The reads from the ppi1 single mutant were mapped to the TAIR10 A. thaliana reference genome (48) of the Phythozome v.9.0 release (49) by using clc_mapper v.4.0.13.86165 (50). A consensus sequence in FASTA format was then generated by using clc_find_variations v.4.0.13.86165 (50). Also, the transcript sequences from the TAIR10 release were aligned to the reference genome to facilitate manual examination of identified mutations and to visualize whether a particular mutation occurs in an exon or intron, and so on.

The three datasets from the individual sp2 double mutants were independently aligned to the ppi1 reference genome by using clc_mapper v.4.0.13.86165. The ppi1 reads were also aligned to the same reference in order to identify any variable sites resulting from allelic variation in the ppi1 line.

In silico identification of mutations

The mutagen EMS used to generate the three sp2 mutants reacts with guanine in the DNA molecule and is likely to (i) cause point mutations that change guanine to adenine (or cytosine to thymine on the reverse strand).
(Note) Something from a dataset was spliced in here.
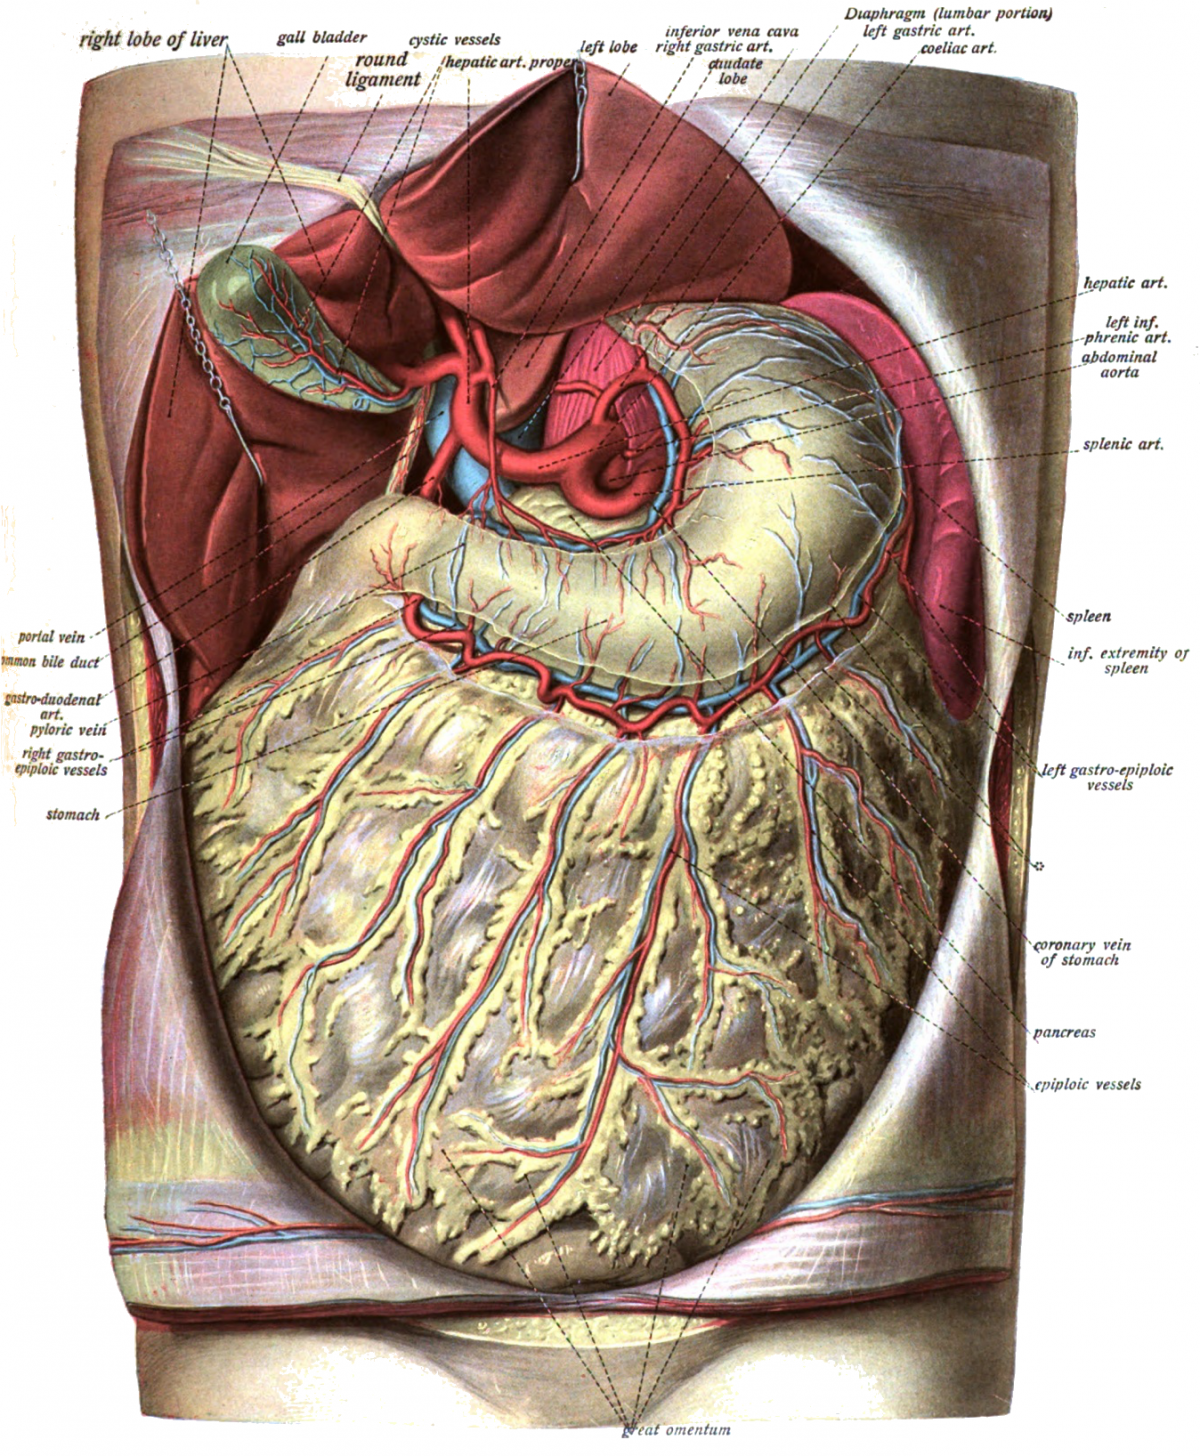 The Omentum: A Curtain of Tissue That Keeps Our Guts Working

The respective mutations affecting the three sp2 mutants were furthermore expected to (ii) occur in the same gene (or corresponding promotor region) in (iii) all three mutants but (iv) not necessarily in the exact same positions. These four search criteria were implemented in the program “find_sp2.py” (51), which takes as input a gff3 file with gene coordinates and the single-nucleotide polymorphism variant output from clc_mapper and outputs a list of names of mutated genes from each dataset. Genes found to be mutated in all the sp2 datasets were then manually examined by visualizing the alignment data with the genome viewer IGV (v.2.3) (52).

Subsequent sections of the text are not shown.